### [Work task]
Repeat all of the data word for word so that only the pictures are missing from the copy.

### [Data extract]
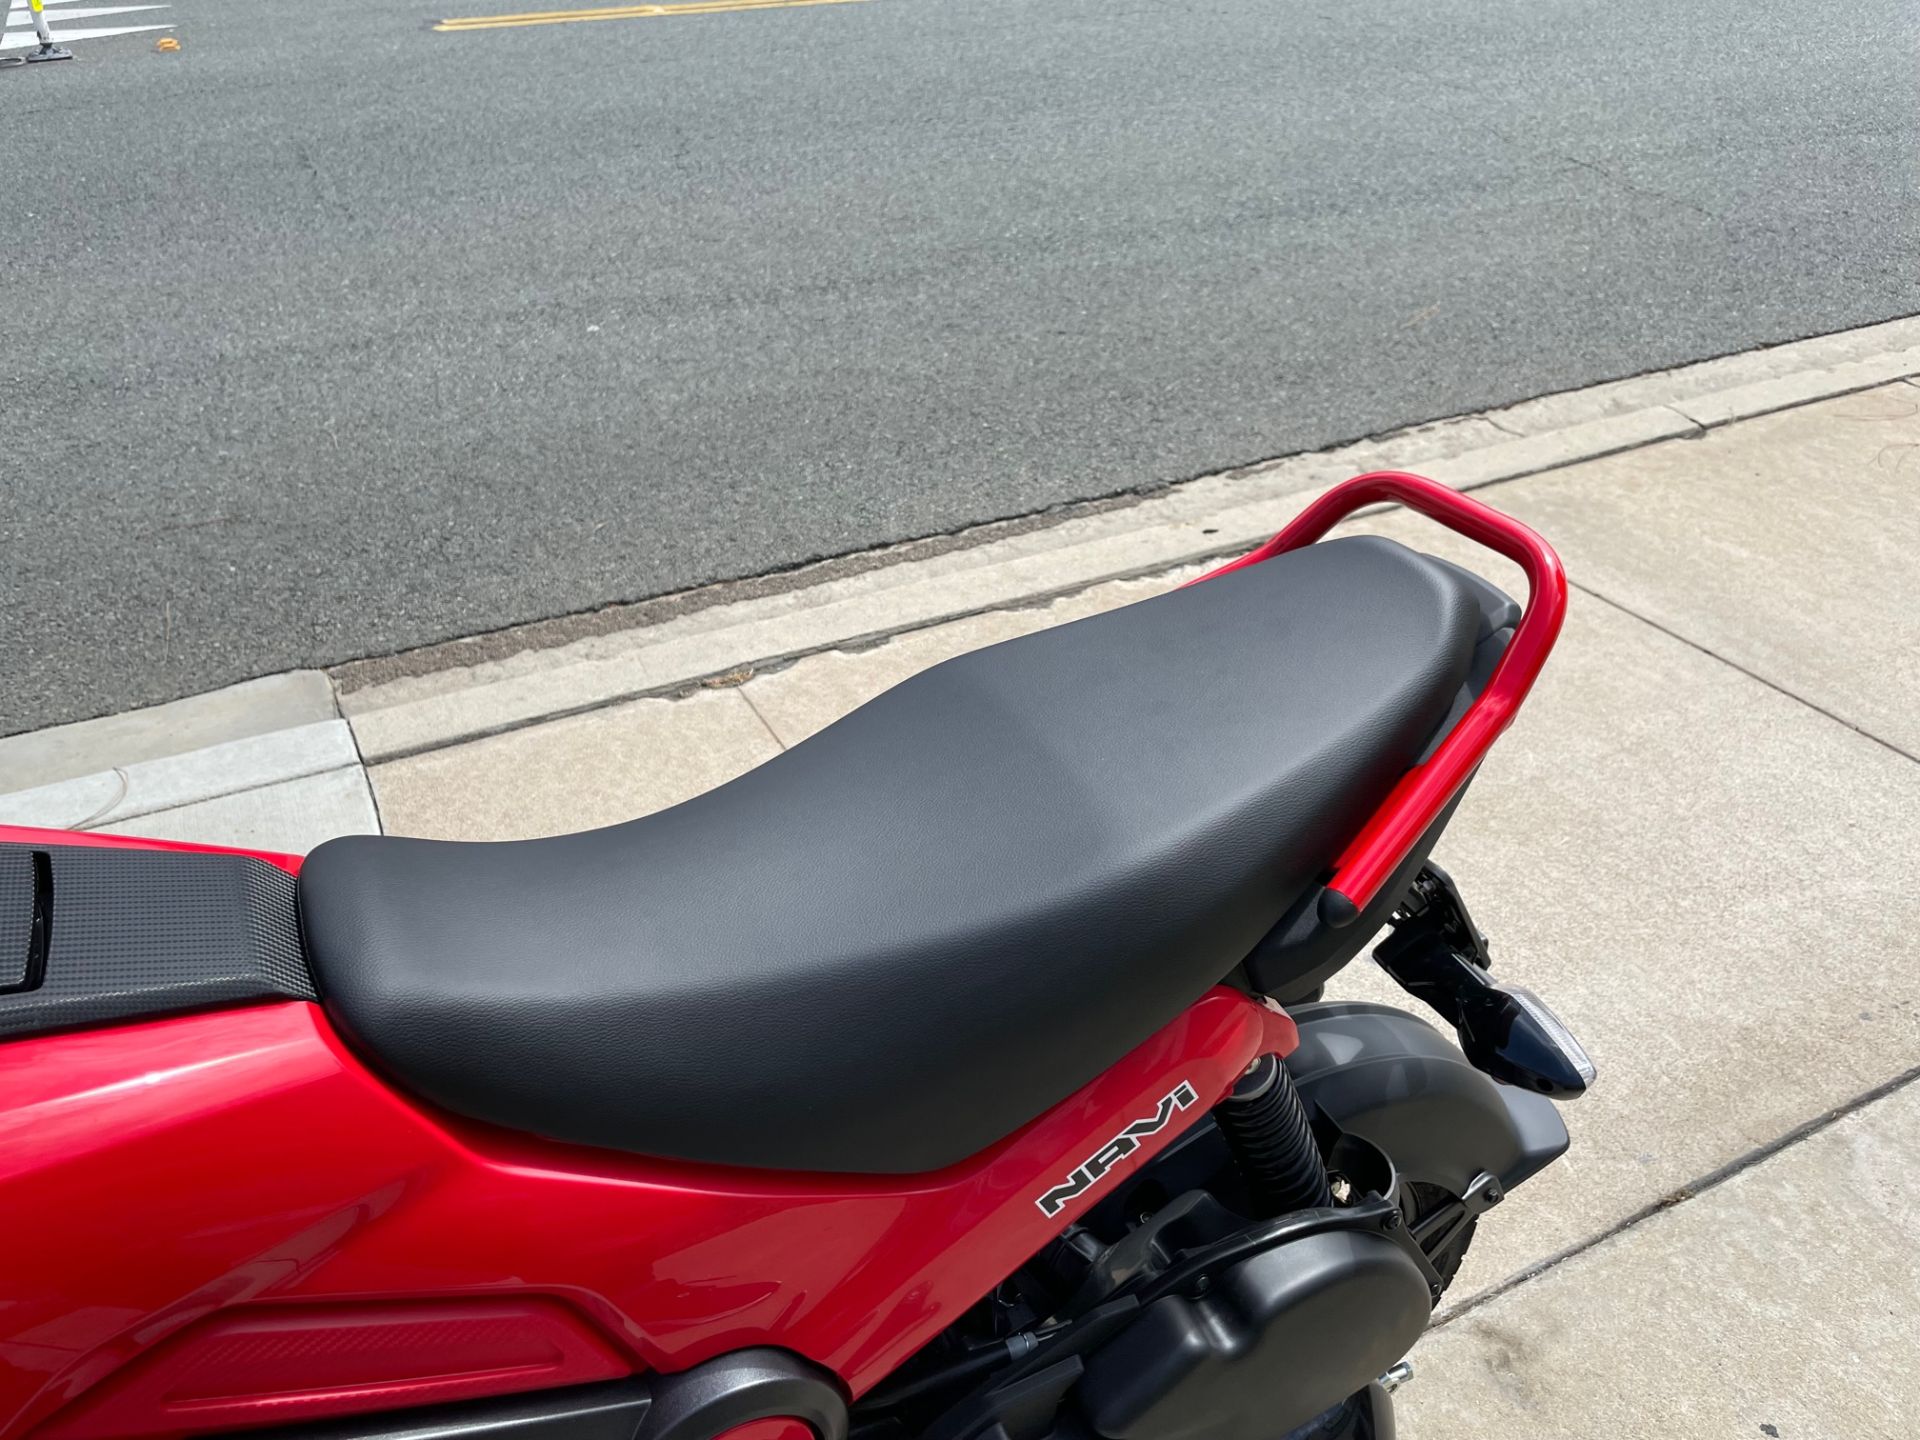 New 2022 Honda Navi | Motorcycles in EL Cajon CA | N/A Red
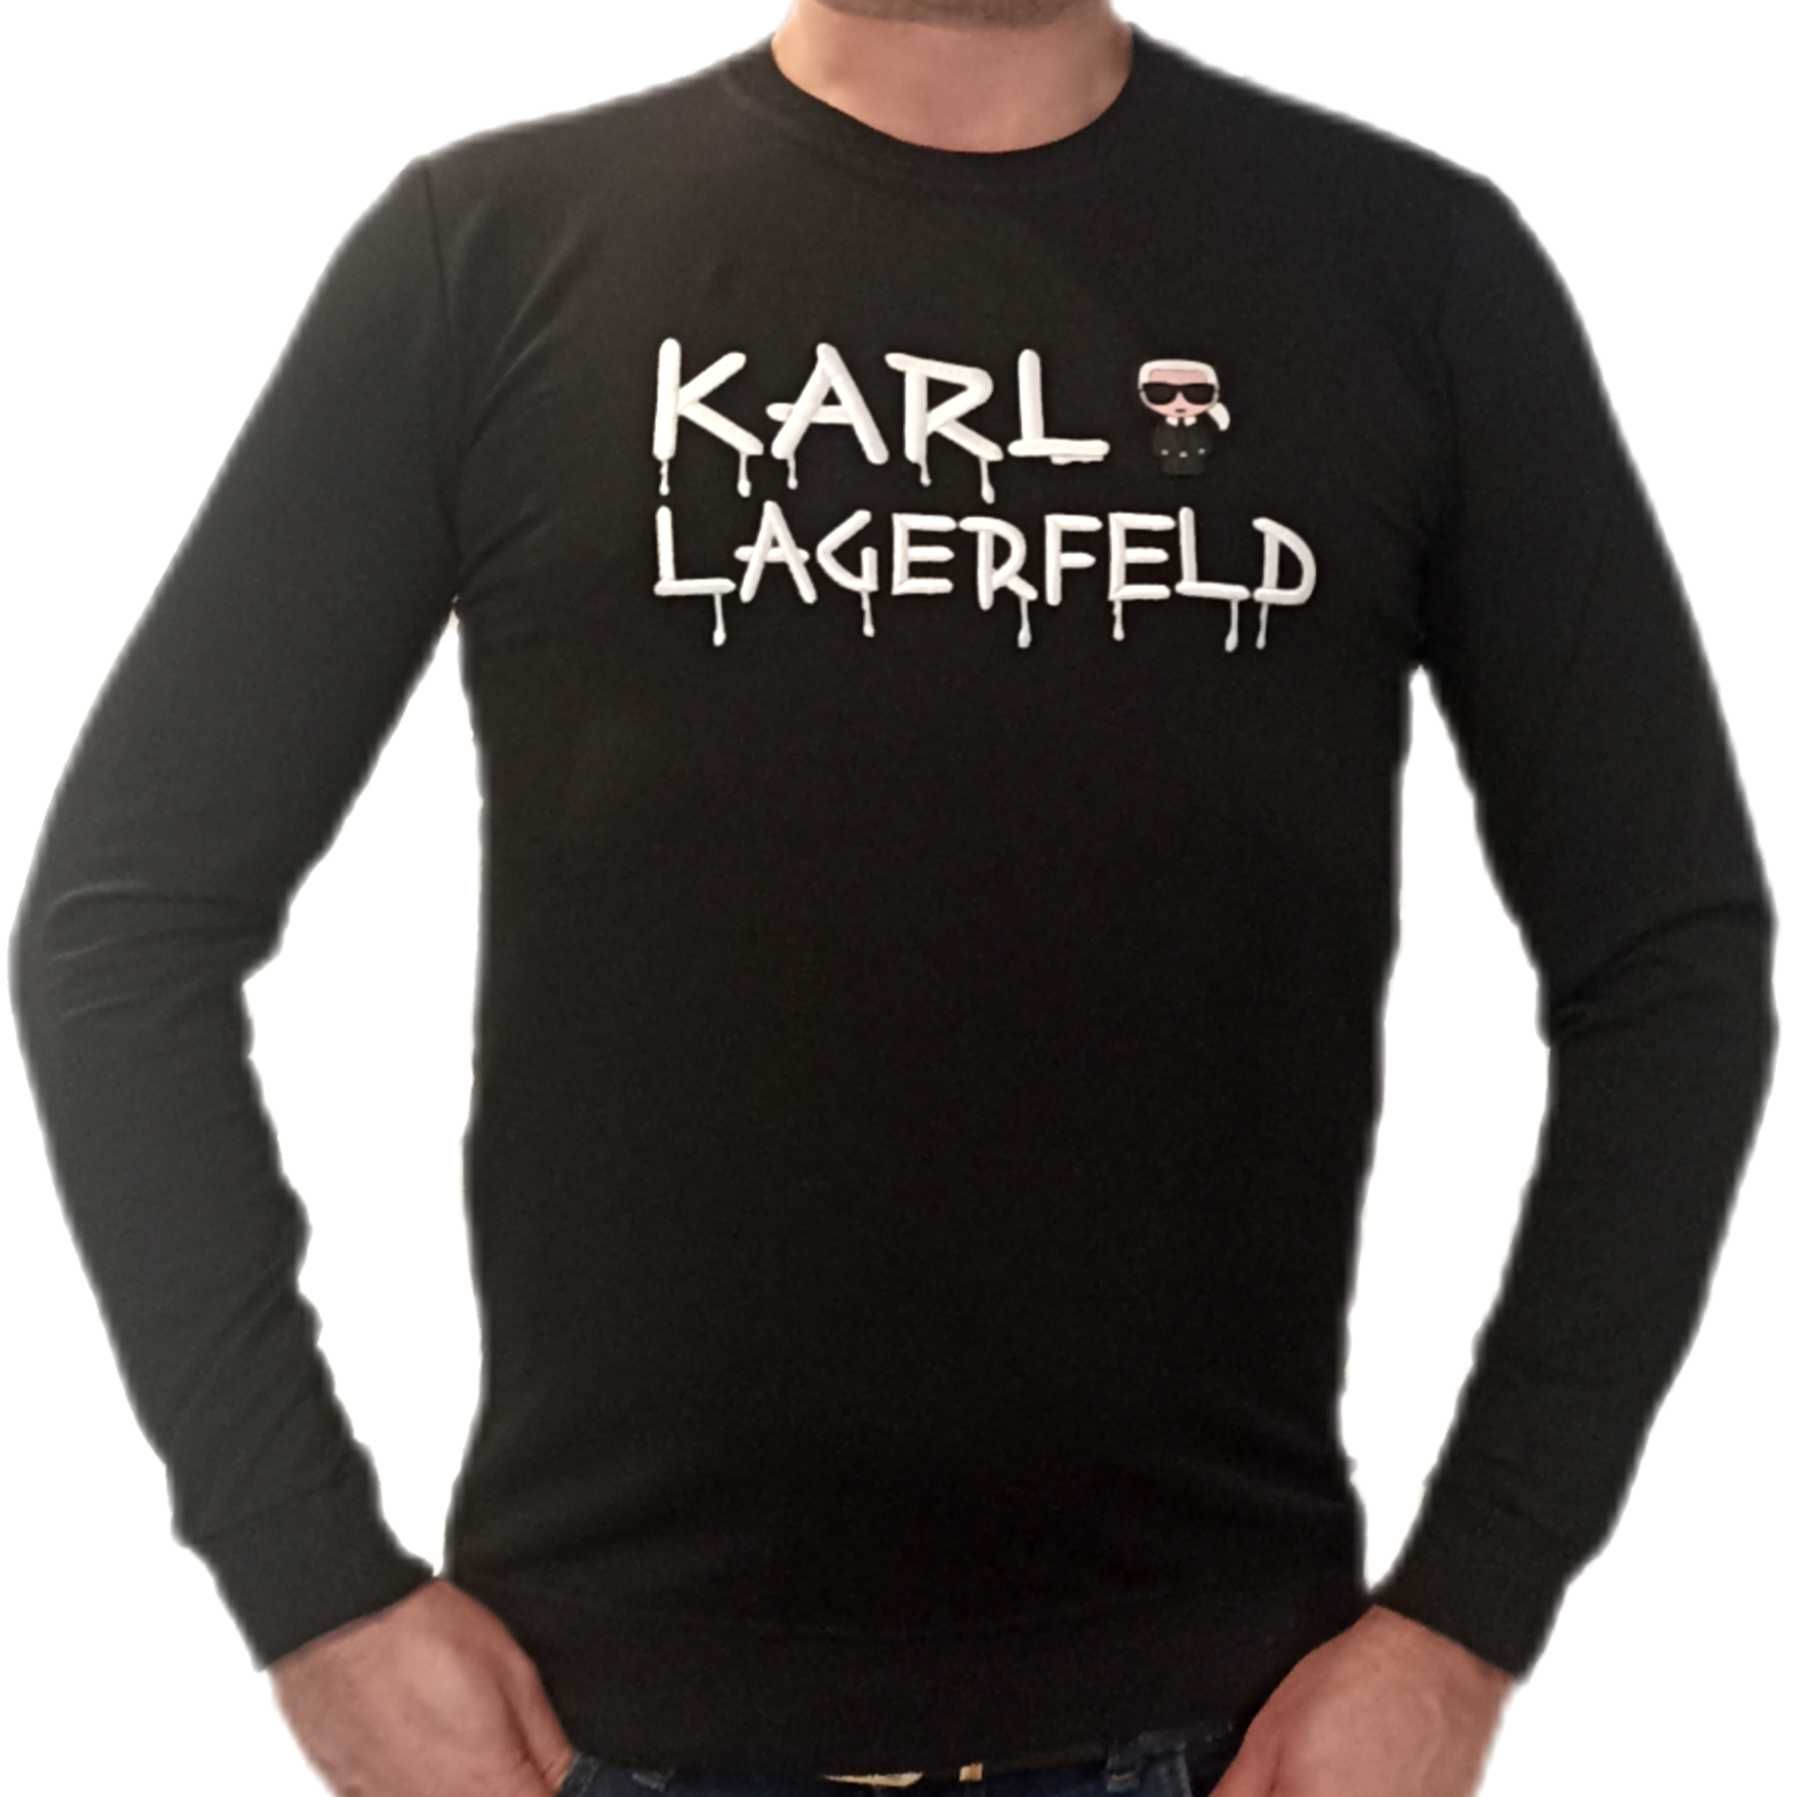 Karl Lagerfeld Bluza Czarna r.S,M,L,XL,XXL
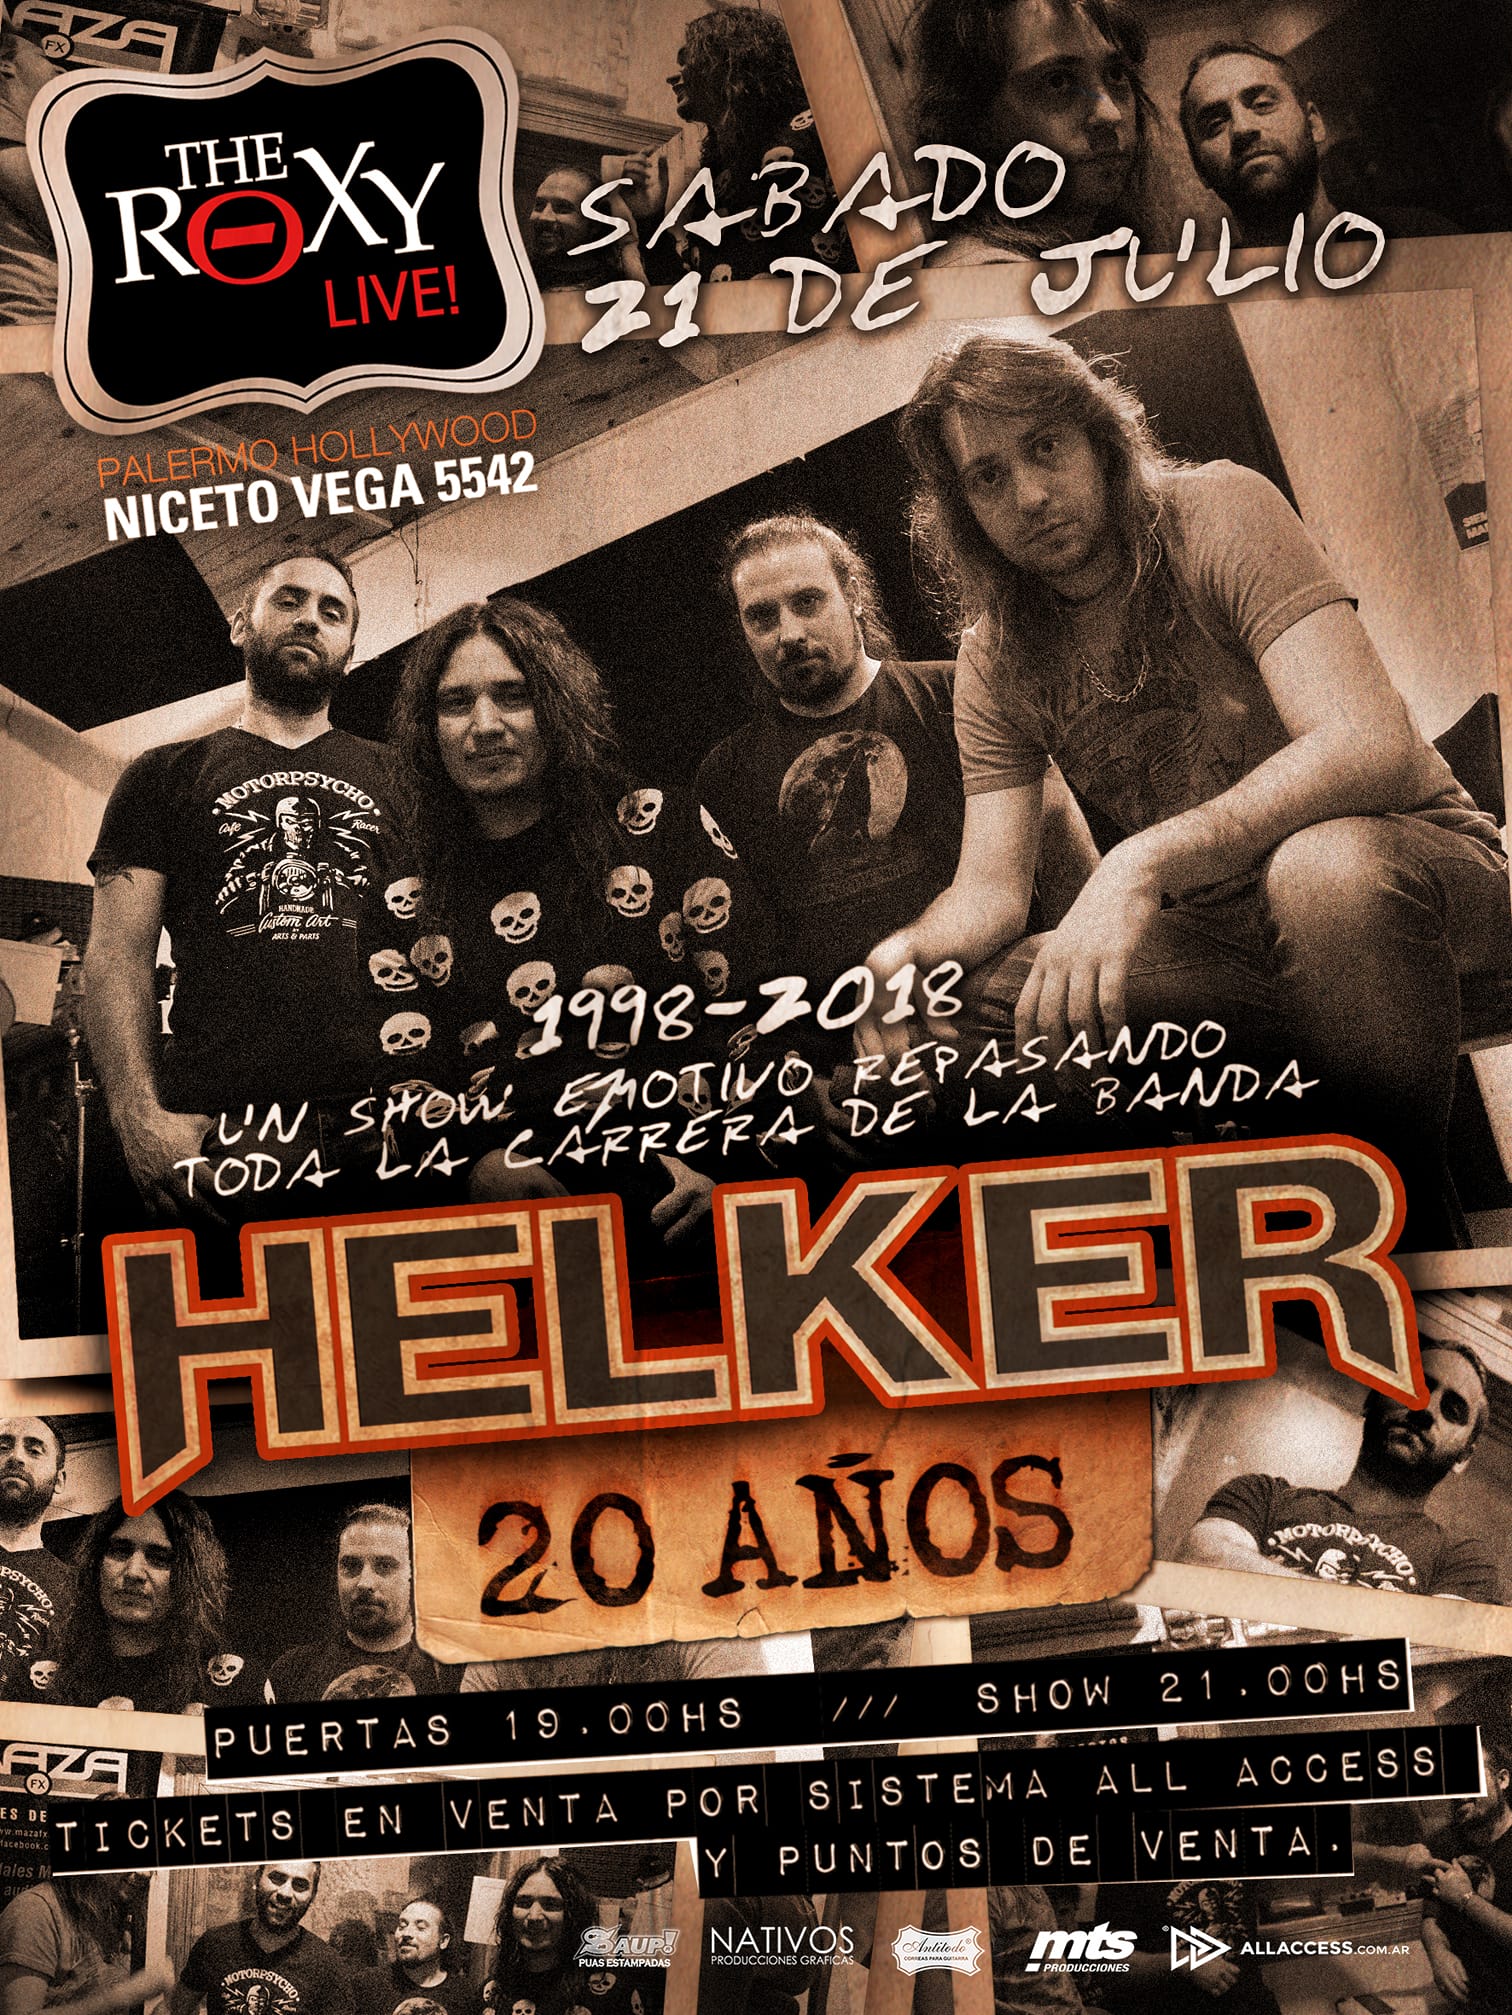 Helker: 20 años a puro metal!!!!

### [Problem solution]
 New 2022 Honda Navi | Motorcycles in EL Cajon CA | N/A Red
 Karl Lagerfeld Bluza Czarna r.S,M,L,XL,XXL
 Helker: 20 años a puro metal!!!!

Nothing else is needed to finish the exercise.